From my experience, Rx works best when replacing events.

For me - Rx was a mind enhancing experience, which changed the way I perceive many problems. I advise you to take a leap of faith here, and invest some time in this ingenious framework.

Ayende Rahien
09/09/2011 07:42 PM by
Ayende Rahien

Omer, Most of what we are doing are actually do computation of a single value. For example, take a look at the type of things we do here:

public Task<BatchResult[]> BatchAsync(ICommandData[] commandDatas) { var metadata = new RavenJObject(); AddTransactionInformation(metadata); var req = jsonRequestFactory.CreateHttpJsonRequest(this, url + "/bulk_docs", "POST", metadata, credentials, convention); var jArray = new RavenJArray(commandDatas.Select(x => x.ToJson())); var data = jArray.ToString(Formatting.None);

return Task.Factory.FromAsync(req.BeginWrite, req.EndWrite, data, null)
    .ContinueWith(writeTask => req.ReadResponseStringAsync())
    .Unwrap()
    .ContinueWith(task =>
    {
        string response;
        try
        {
            response = task.Result;
        }
        catch (WebException e)
        {
            var httpWebResponse = e.Response as HttpWebResponse;
            if (httpWebResponse == null ||
                httpWebResponse.StatusCode != HttpStatusCode.Conflict)
                throw;
            throw ThrowConcurrencyException(e);
        }
        return JsonConvert.DeserializeObject<BatchResult[]>(response, new JsonToJsonConverter());
    });

}

can you should me how this would be written, Rx style?

Omer Mor
09/09/2011 09:32 PM by
Omer Mor

I'll give it a shot later. I guess the basic idea would be to treat it as a stream of command batches, and project it (select) into a stream of responses. Along the way we could push the handling into a dedicated thread, or use the thread/task pool. we might also easily "batch our batches" based on count or time if that could increase our performance. we might also throttle against overloading / DoS attacks for example.

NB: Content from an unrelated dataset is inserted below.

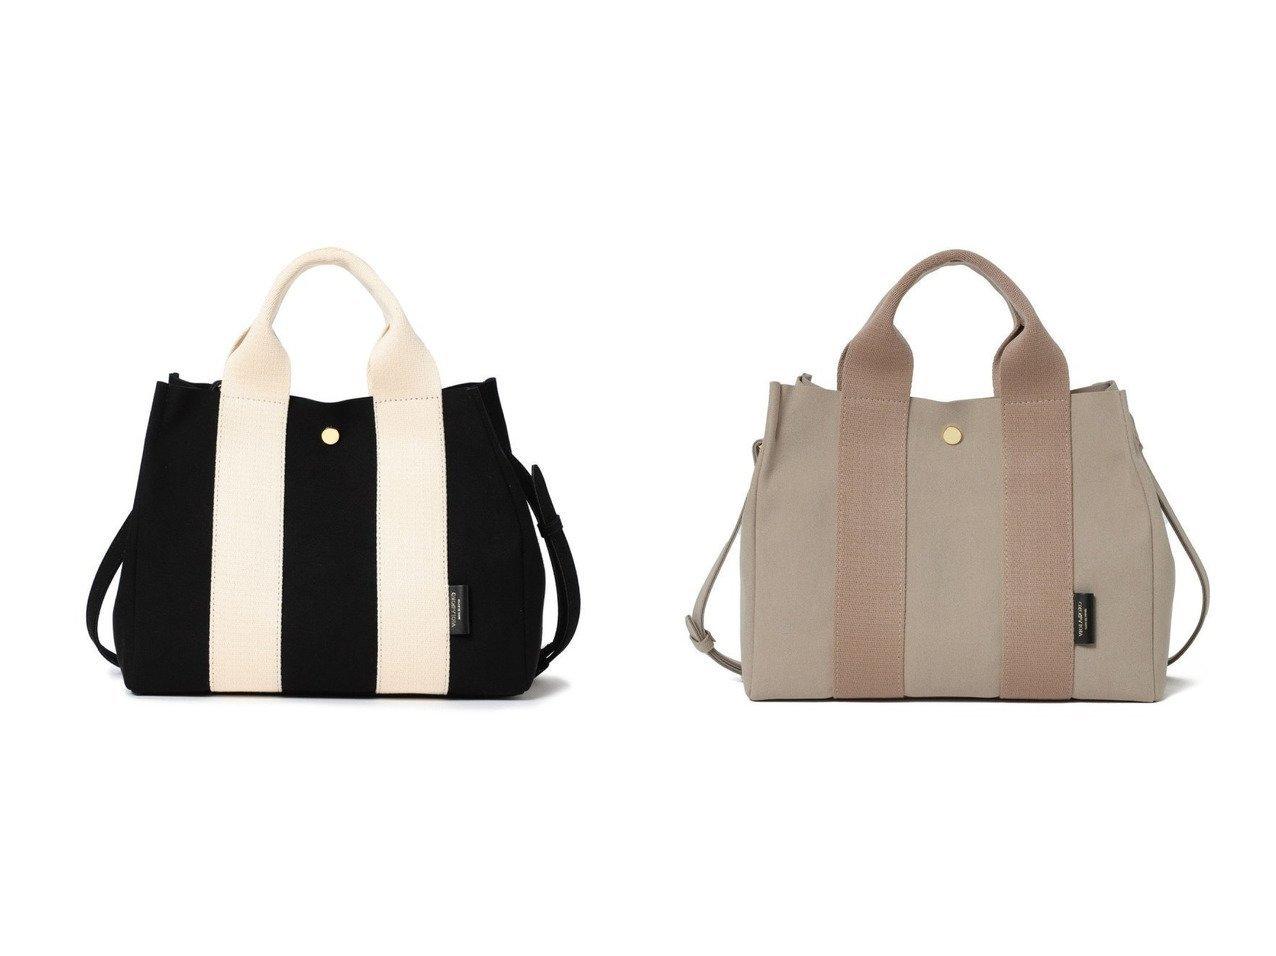 【Demi-Luxe BEAMS/デミルクス ビームス】のNEW ジーノ ナイロントートバッグ バッグ・鞄のおすすめ!人気、トレンド・レディースファッションの通販  おすすめで人気の流行・トレンド、ファッションの通販商品 メンズファッション・キッズファッション・インテリア・家具・レディースファッション・服の通販 founy(ファニー) https://founy.com/ ファッション Fashion レディースファッション WOMEN バッグ Bag NEW・新作・新着・新入荷 New Arrivals シンプル スエード モダン 軽量 |ID:crp329100000009921

I cross-posted your example in the Rx forums, for help getting an expert opinion on this (http://social.msdn.microsoft.com/Forums/en/rx/thread/3cd72a7e-fba8-4c81-9113-36ef78e2ac54).

Ayende Rahien
09/09/2011 10:38 PM by
Ayende Rahien

Omer, None of those things are actually needed or required.

BatchAsync is being called from SaveChangesAsync, and there is usually only ever to be one of them.

Comments have been closed on this topic.